It looks like the Trump White House is resembling the early days of Reagan’s White House.
In 1981 the Gipper’s administration got off to a strong start as a powerful triumvirate of advisers backed up a new, transformational president.
You may recall those three aides as James Baker, Reagan’s chief of staff, Ed Meese, his special counselor, and Michael Deaver, his deputy chief of staff.
Today, we are seeing those same roles reprised by Trump’s own power circle.
Reince Priebus plays James Baker, the savvy insider, GOP establishment guy. Like Baker, he was relatively new to Reagan’s circle, but he was the man with polished credentials who could instantly translate goodwill between the California outsider and Beltway insiders.
Then there is Steve Bannon as Ed Meese, the ideological soul mate of Ronald Reagan. Trump’s conscience and populist fellow-traveler, Bannon is Meese’s reincarnation.
Completing the troika is Jared Kushner, the president’s alter ego. Kushner mirrors Michael Deaver’s position. A trusted, long-time friend of the Reagans, he gave the boss absolute loyalty. Reagan knew Deaver’s advice was always pure. This allowed him to deliver "bad news" that helped shaped key decisions.
Trump relies on this inner core of advisers. They are smart and intensely loyal to him. Kushner’s arrival at the White House was a turning point, giving the group a practical sensibility and ballast.
My IT staff uses the word "middleware" — computer programming that translates underlying software with different applications.
This White House troika is Trump’s middleware. They interpret the president’s unique programming for the outer ring of the administration and the public.
Acting as middleware here can be challenging. Trump has approaches he has honed over many decades that don’t always fit with a traditional presidency.
His style is intuitive and reactive. At times, he likes to shoot from the hip. He's authentic. He hates being scripted.
One adviser told me there have been instances when Trump’s staff will totally oppose his course of action, warning of some disastrous result. Trump’s ignores their advice and does it his own way. The results turn out to be incredibly successful and the staff is amazed.
Like any new administration there have been stumbles. It is important to remember Trump is the first non-politician and non-general ever to become president. He's on a learning curve.
But history shows he's an extremely fast learner. Consider that at age of 30 he showed up in Manhattan and was soon building the biggest buildings and hotels in the city.
At the age of about 50 he decided to go into television. His "Apprentice" show became a 14-year ratings hit. Practically nobody has a hit show for 14 years.

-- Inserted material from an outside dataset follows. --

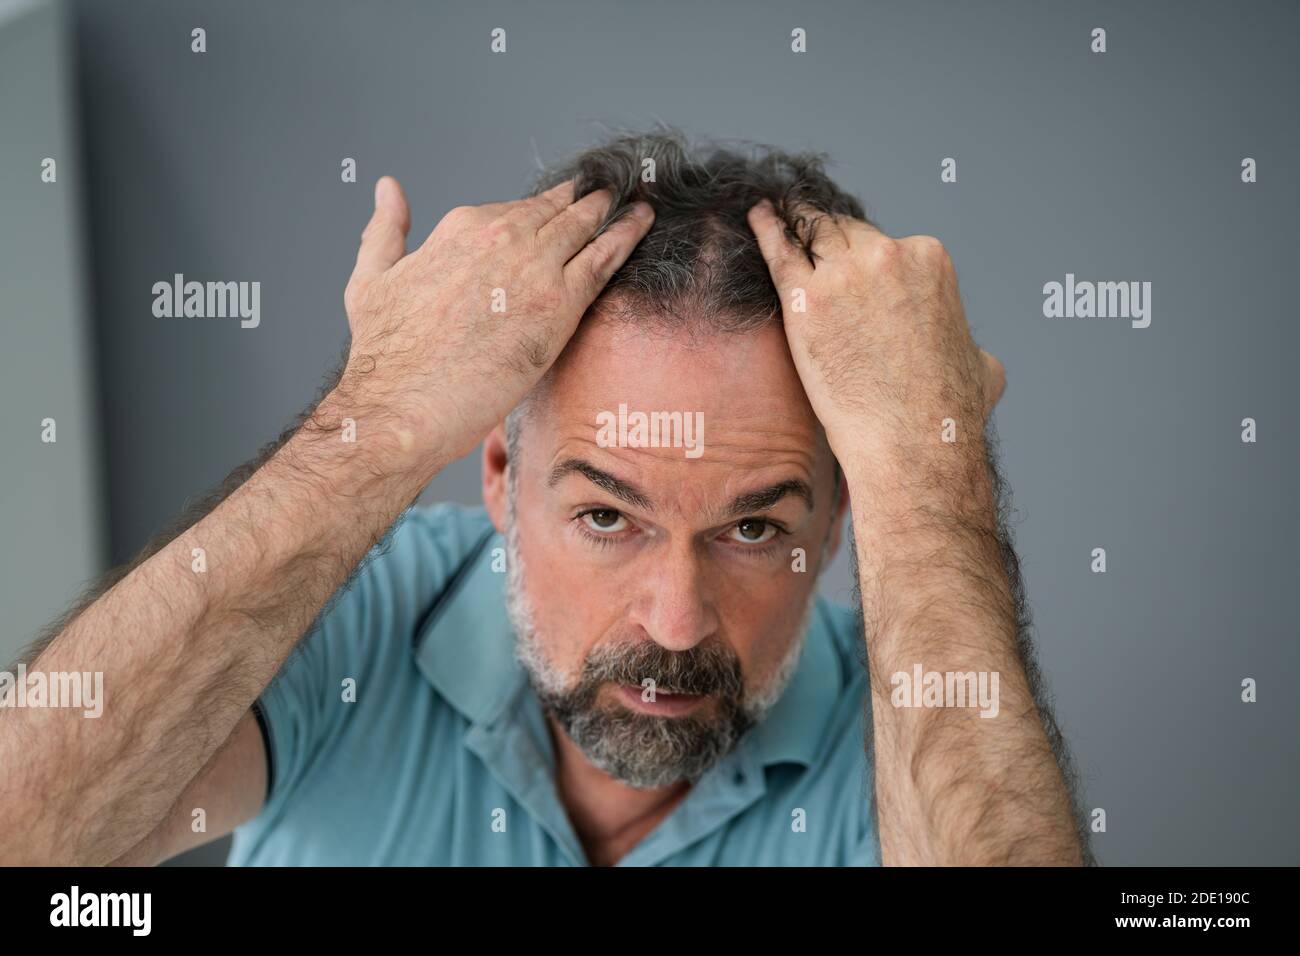 Man Checking His Hair Loss And Dandruff Stock Photo

And then just two years ago Trump decides he will make a bid for president.
He runs, defeating 15 serious opponents in the Republican primary, including the Bush political machine.
He then goes on to decimate the Clinton machine after they spend over $1 billion in negative ads against him.

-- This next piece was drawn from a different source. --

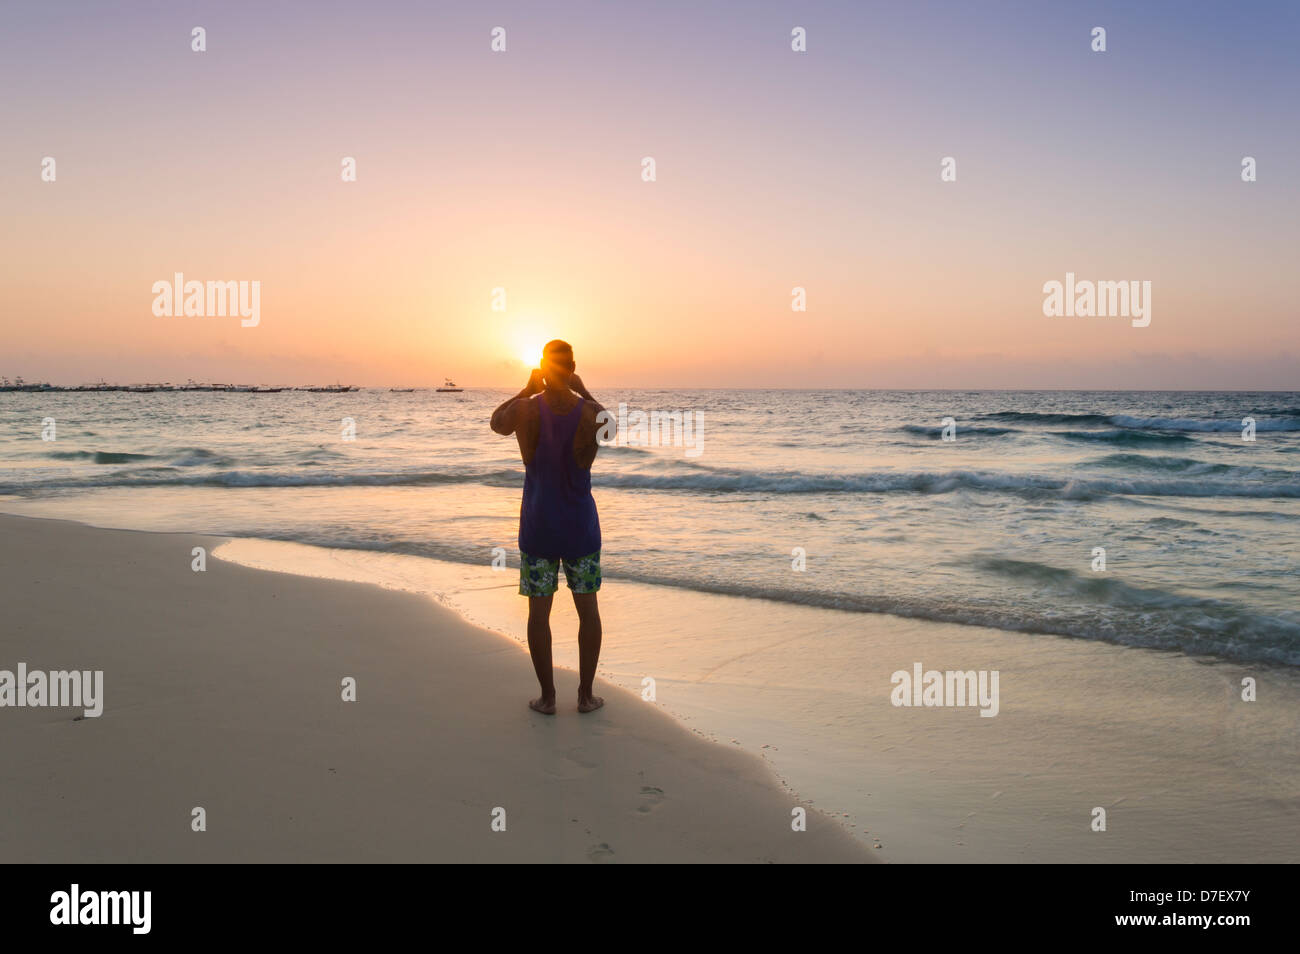 Hombre de pie en una playa en silueta fotografiando al amanecer. Foto de stock

Clearly, the man is not to be underestimated.
Still, Trump’s troika has an important job to help Trump adjust to his new environment.
All his life Trump has played Trump. But he is no longer Donald Trump. He is the president of the United States, the leader of the free world.

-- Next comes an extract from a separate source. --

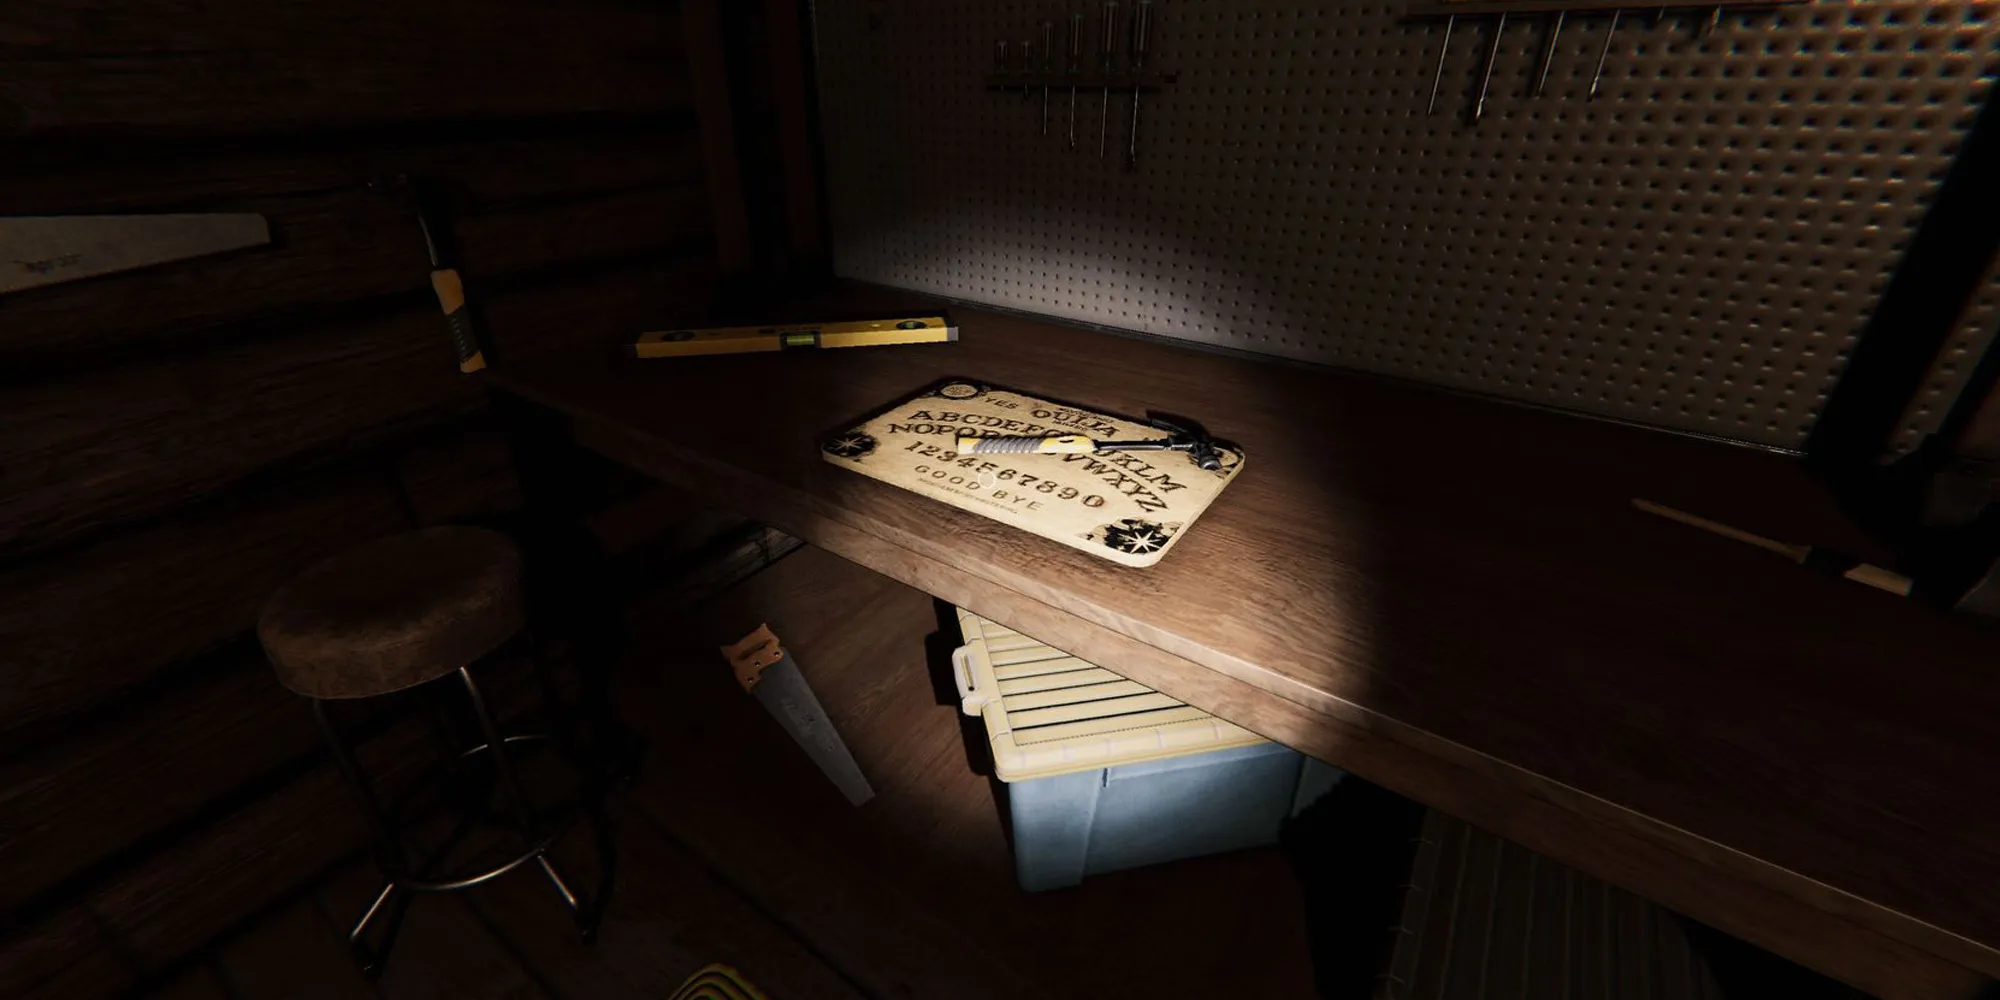 L'image représente un tableau ouija sur un bureau en bois avec un marteau dessus à la ferme de Bleasdale dans Phasmophobia.

This adjustment will be enabled by Trump’s A+ team of cabinet members, true, incredible heavyweights like Mattis, Tillerson, Mnuchin, and Ross.
As the Cabinet settles in, working with the troika, I think we’ll see a significant improvement in the messaging coming out of the White House.
We’ll also see a shift in focus, from fulfilling campaign promises to the "big stuff" — the budget, a sizable infrastructure program, and a massive tax reform program.
More than $3 trillion sits outside of the United States in corporate accounts that has yet to be repatriated. If Trump can do an early deal, getting companies to inject that money into the U.S. economy in the next 24 months, this will create an incredible economic boom.
This injection will be more than three times Obama’s 2009 stimulus.
To accomplish this and get congressional Republicans and some Democrats to back him on a repatriation plan, Trump needs to follow his populist instincts and become a more consensus-oriented president.
Trump has the ability to bring people together like few others. He is the only person I know who is a friend of both Billy Graham and Howard Stern.
Consensus building has been difficult because the media has been at total war against him.
He needs to avoid being baited by them and focus on his "Big Agenda" — as David Horowitz calls it in his blockbuster bestselling book by the same name. [I recommend "Big Agenda" — its revelations about Trump’s plans have been uncanny.]
Instead of being so confrontational with the press (as they have been toward him), Trump should ignore and bypass them. This is exactly what Reagan did by speaking directly to the American people.
I spoke yesterday with one of Britain's leading journalists. He said to me, "In everything Trump says there's a kernel of truth."
My friend pointed out that after Trump complained NATO members were not doing their fair share, Germany just decided to increase its troop levels.
"Trump did that!” he said, adding, “He's moving the needle like that all over the place."
He will keep moving that needle as long as he stays true to himself and his best instincts.